Chapter XCVIII: Cubed
Image of the Day: My Roommate's a Loser
A couple of days before Winter Break, my roommate bought a Rubik's Cube from K-Mart. The little fucker was extraordinarily difficult to come by, being sold out at Wal-Mart and costing upwards of eleven bucks. Darron and I naturally refused to look at the accompanying instructions and attempted to replicate, in our living room, fifty years of research by mathematicians and Asian child prodigies.This didn't really pan out (who woulda guessed?), and inspired the Image of the Day. Conceding defeat, we read the printed instructions, which turned out to be quite useless.

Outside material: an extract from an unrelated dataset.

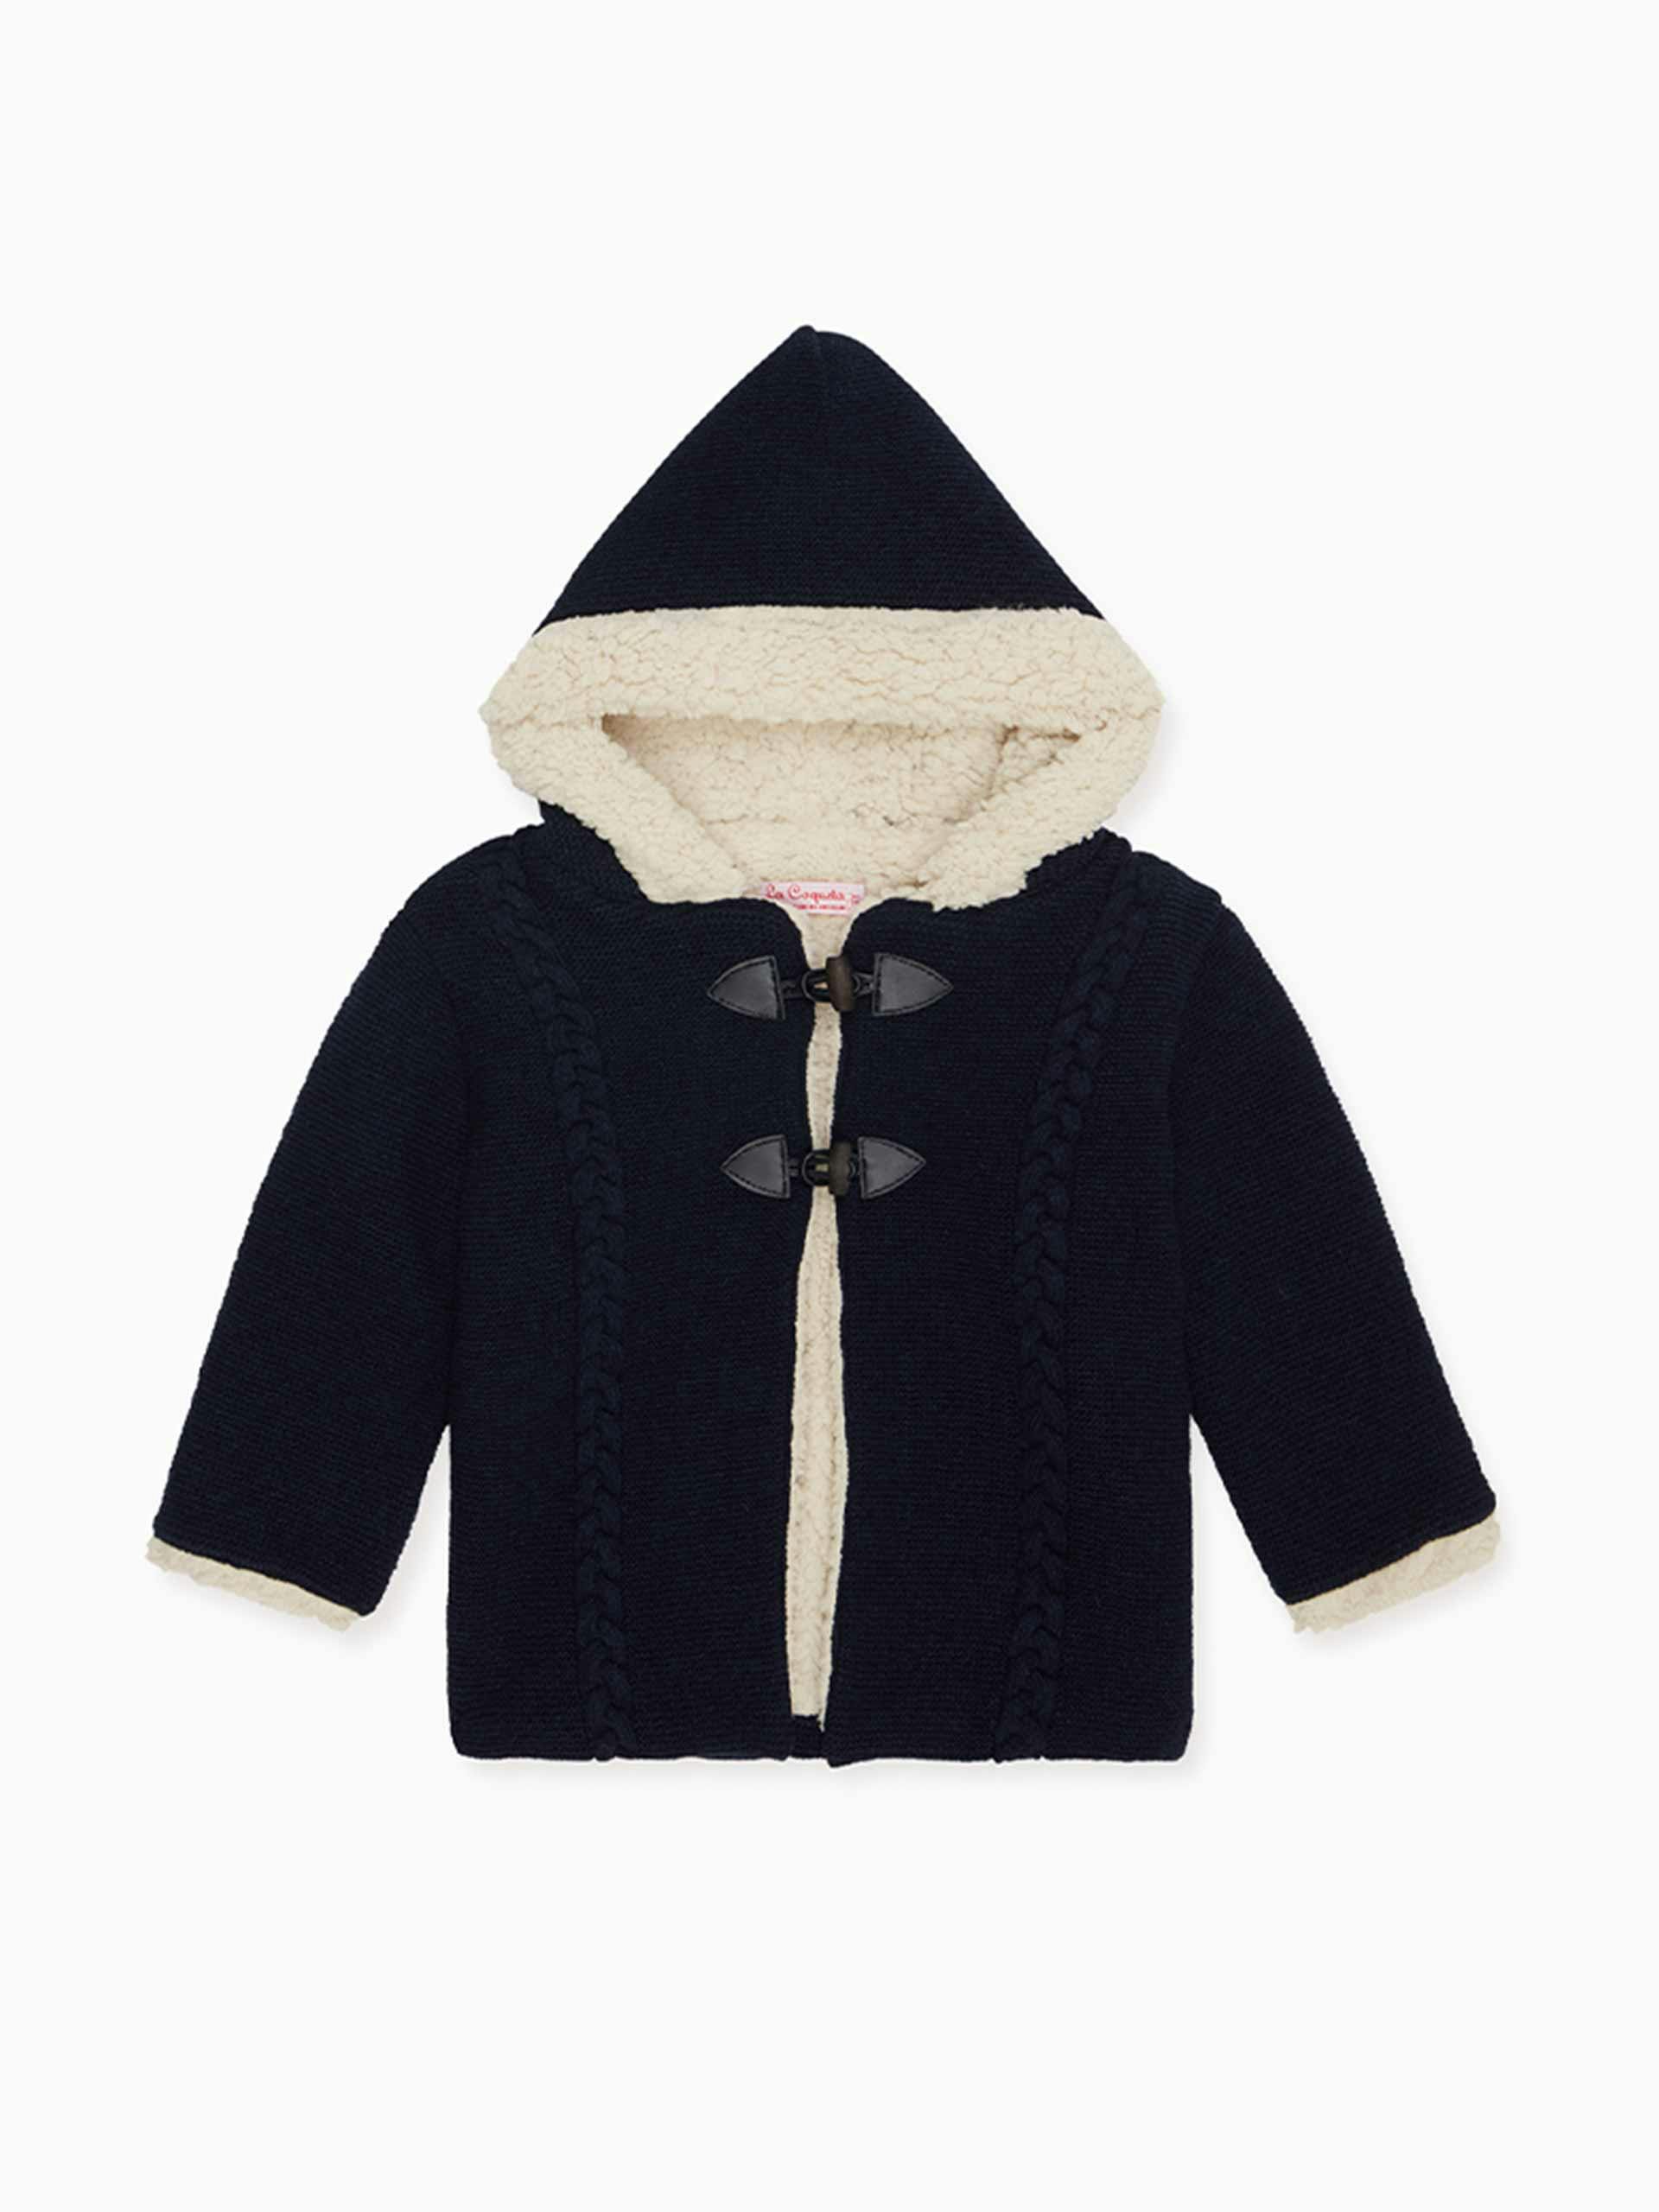 Merino baby wool jacket

They tell you how to solve the Cube, but only after you've already gotten it into a specific configuration which they call "The Green Cross." The explanation for how to reach this beginning step is: You will have to figure this out for yourself. Gee, thanks for nothing, Mr. Rubik.
So I went online and found a java applet where you can enter the configuration of your Cube and it'll tell you all the steps you need to solve it. I placed the completed Cube on the living room table, and the next morning Darron thought I was Rubik's Cube Jesus!

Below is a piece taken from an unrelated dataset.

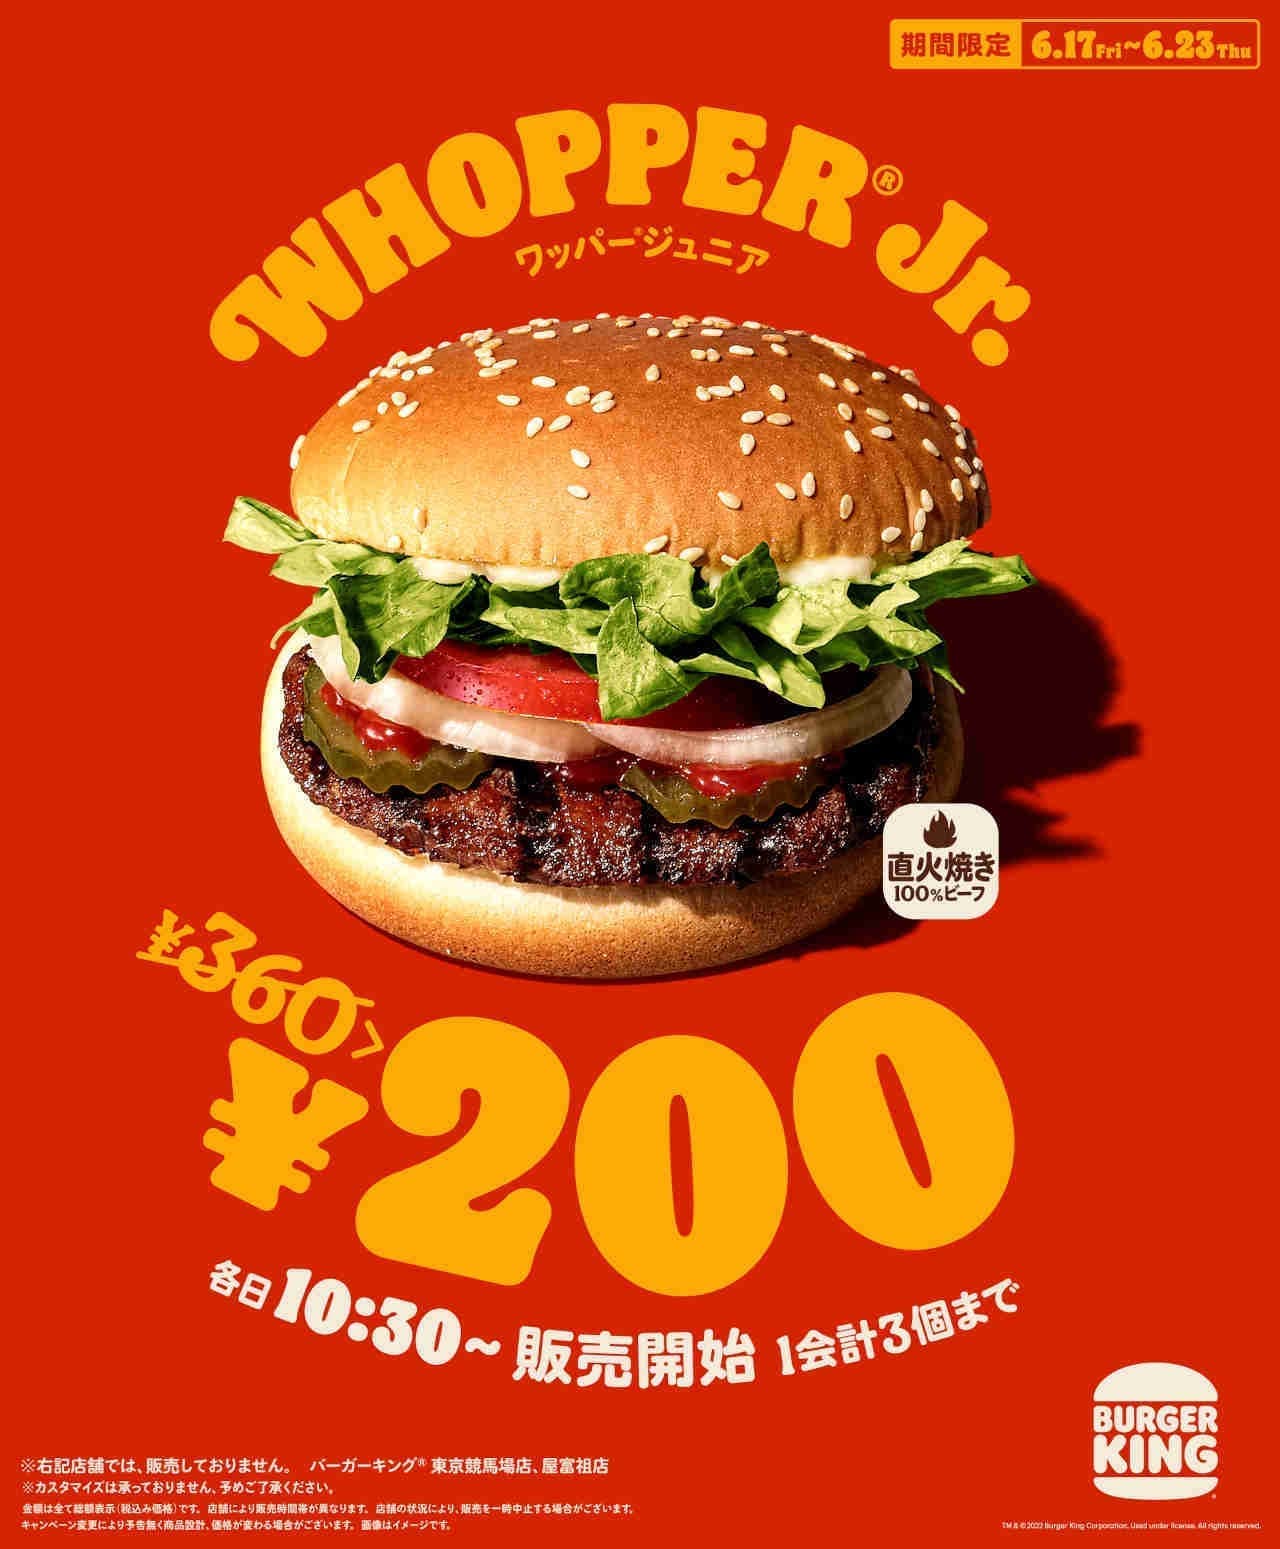 Burger King "Whopper Junior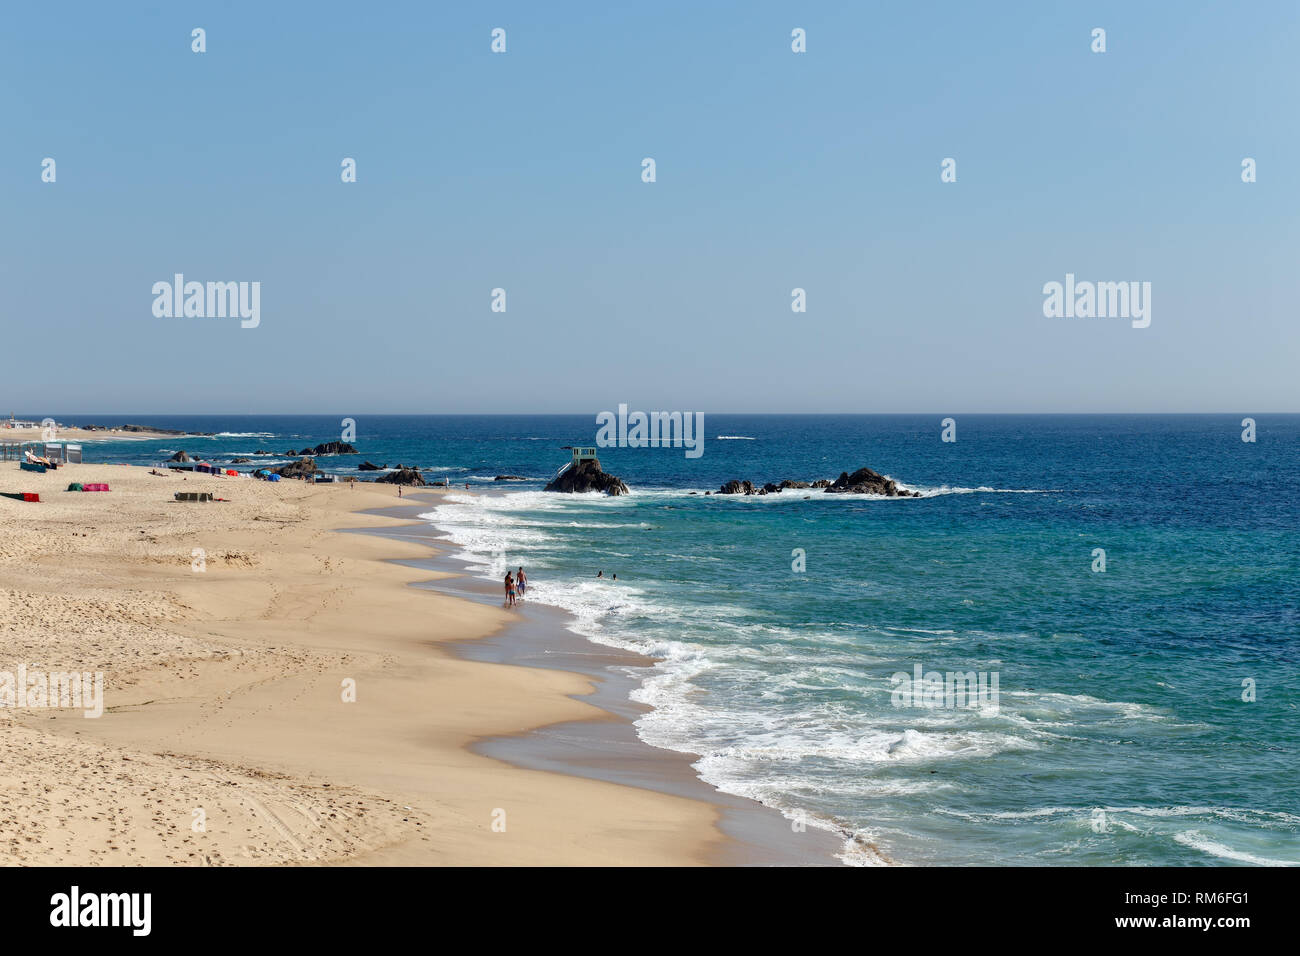 Vila do Conde, Portugal - 19 juin 2015 : large vue de Vila do Conde Beach au début de la saison balnéaire, nord du Portugal Banque D'Images

Interesting Rubik's Cube Facts:
1. Erno Rubik, the inventor of the cube, was a professor of Architecture.
2. There are 43,252,003,274,489,856,000 Rubik's Cube configurations.
3. None of these is more than twenty moves away from being solved.
4. The official world record for speed cubing is held by Minh Thai (22.95 seconds).
I also found is the following YouTube video of a Canadian kid solving the Cube in a minute or so. He has a cute smile when he finishes.
He also plays with his cat.
1 comment:
I'm impressed that you got the "L!" That's more than I could do, and I worked on it during the whole 1980's. Finally I just peeled the stickers off and completed it that way.